# first time farmer??? confused about lights



## RedEye_N8 (Dec 16, 2011)

I have a shop/shed that is 10' x 20'. I plan on building a fake wall at the end at 18'  that gives me a 2' x 10' area(ceiling is around 7' at the walls and about 9' at the center. There is already a 1' sq. vent at the peak and I plan to cut inflowing air vents in the floor which will be cool air (florida heat). Sound good so far? O.K. My questions are these- I want to grow Three to Four plants starting out because I dont know how strong the smell will be outside because I have to vent the grow area right? I can get the exhaust about 12' in the air and my neighbors on all sides are old and at least 60 yards or more away and they think I am a lil angel. Did I mention I live with my mommy!!! She is cool but I will do my best to not let her know what is going on and she never goes in the shop. So can I grow 5 or 6, I'm sure the strength of the odor depends on the strain right? So my next question is can I use regular tube flouresent lights just to start the plants out or something like a 100w-150w heat lamp. I know that I need the Metal Halide lights for the veggie state and some "H.I._" something or another lights for the flowering process but if I can use F lights or 100w bulb, how long? when do I need to start using the Metal Halide lights? I do not have the money for the M.H. lights yet. How much are they? Where do I go? How many do I need? What is the fire risk? Could someone please hit me back up and let me know, maybe explain how they would lay it out working with what I am working with. I am really excited about starting but I want to do right and make it worth while.
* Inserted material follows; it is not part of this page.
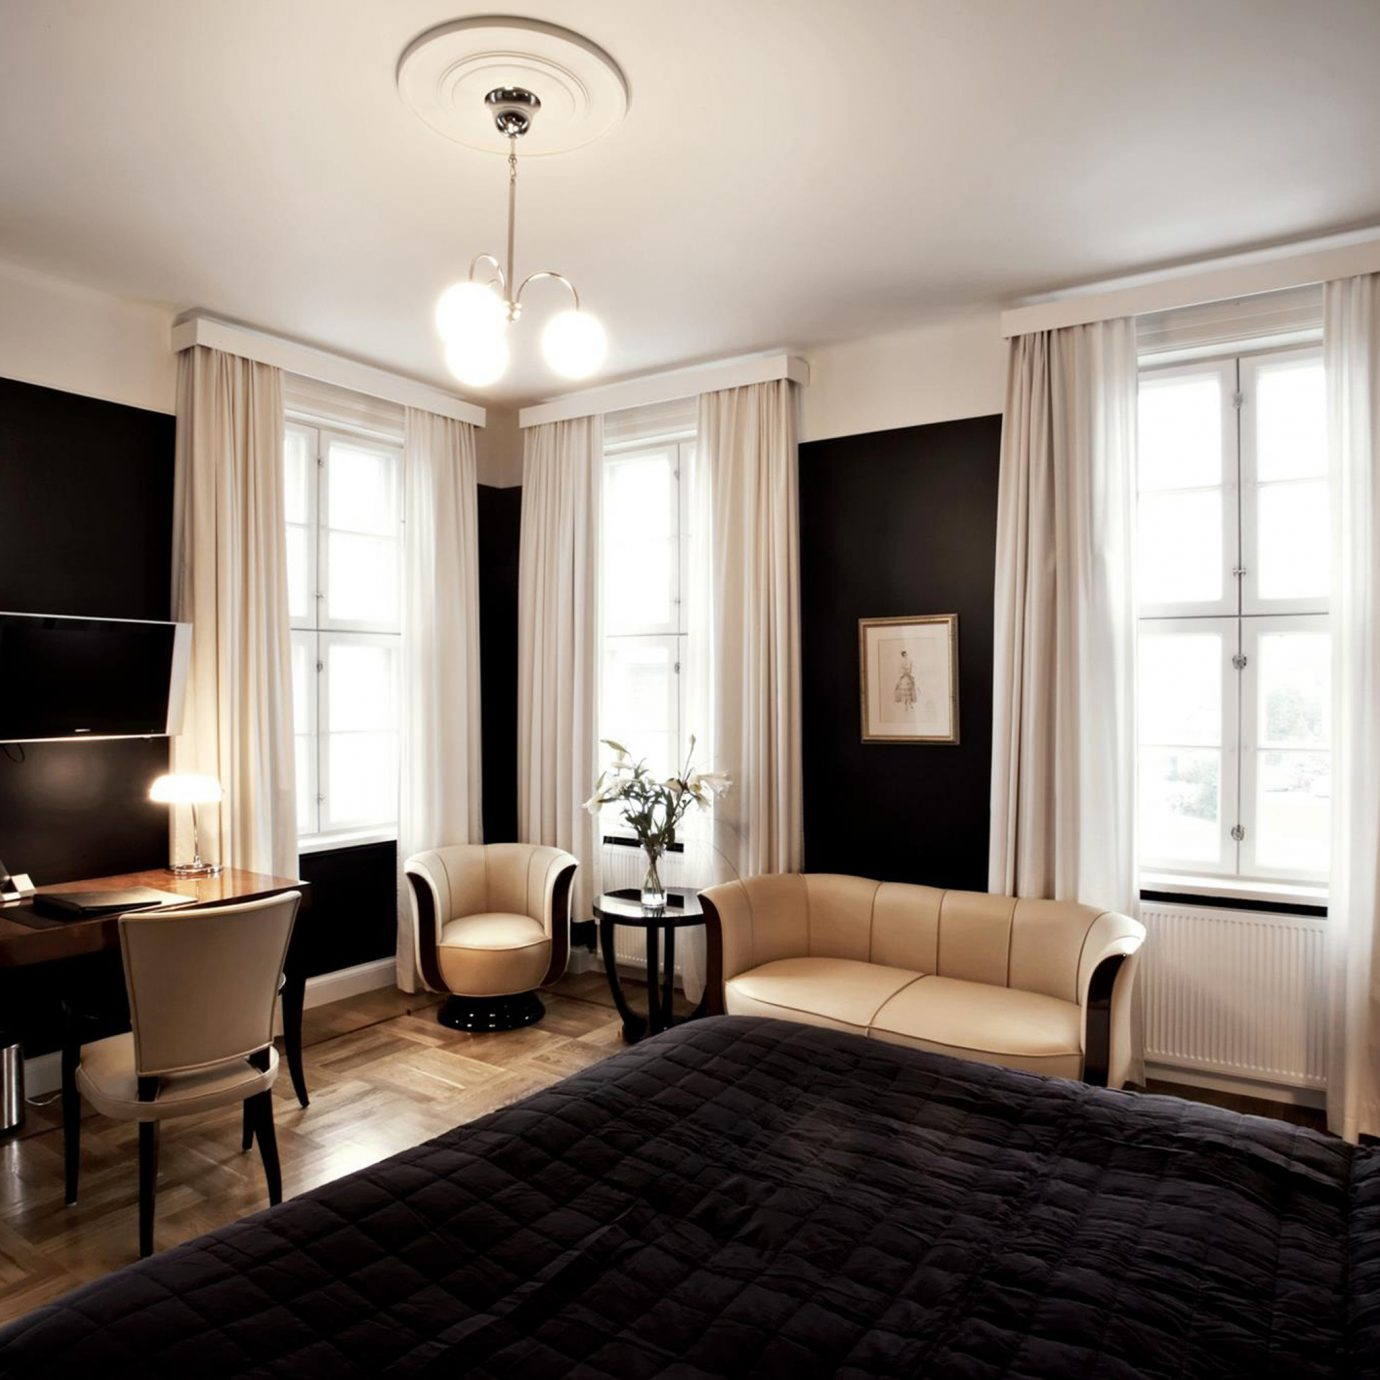 Bedroom Boutique Hip Hotels Iceland Luxury Modern property living room Suite home hardwood nice

Besides my seeds are expensive little buggars!!!


----------



## Roddy (Dec 16, 2011)

OK, was good until I saw the mom thing...if she owns the house and doesn't know about a grow, DON'T do it!! It's a huge risk, she should at least have a say...


----------



## The Hemp Goddess (Dec 16, 2011)

If your mom is not cool with this, we are not going to be either.  When you grow you are putting everyone who lives there at risk.  In addition, if it is her house, that could be in danger also.  It is bad bad mojo to grow at your parents' home without their knowledge and CONSENT.


----------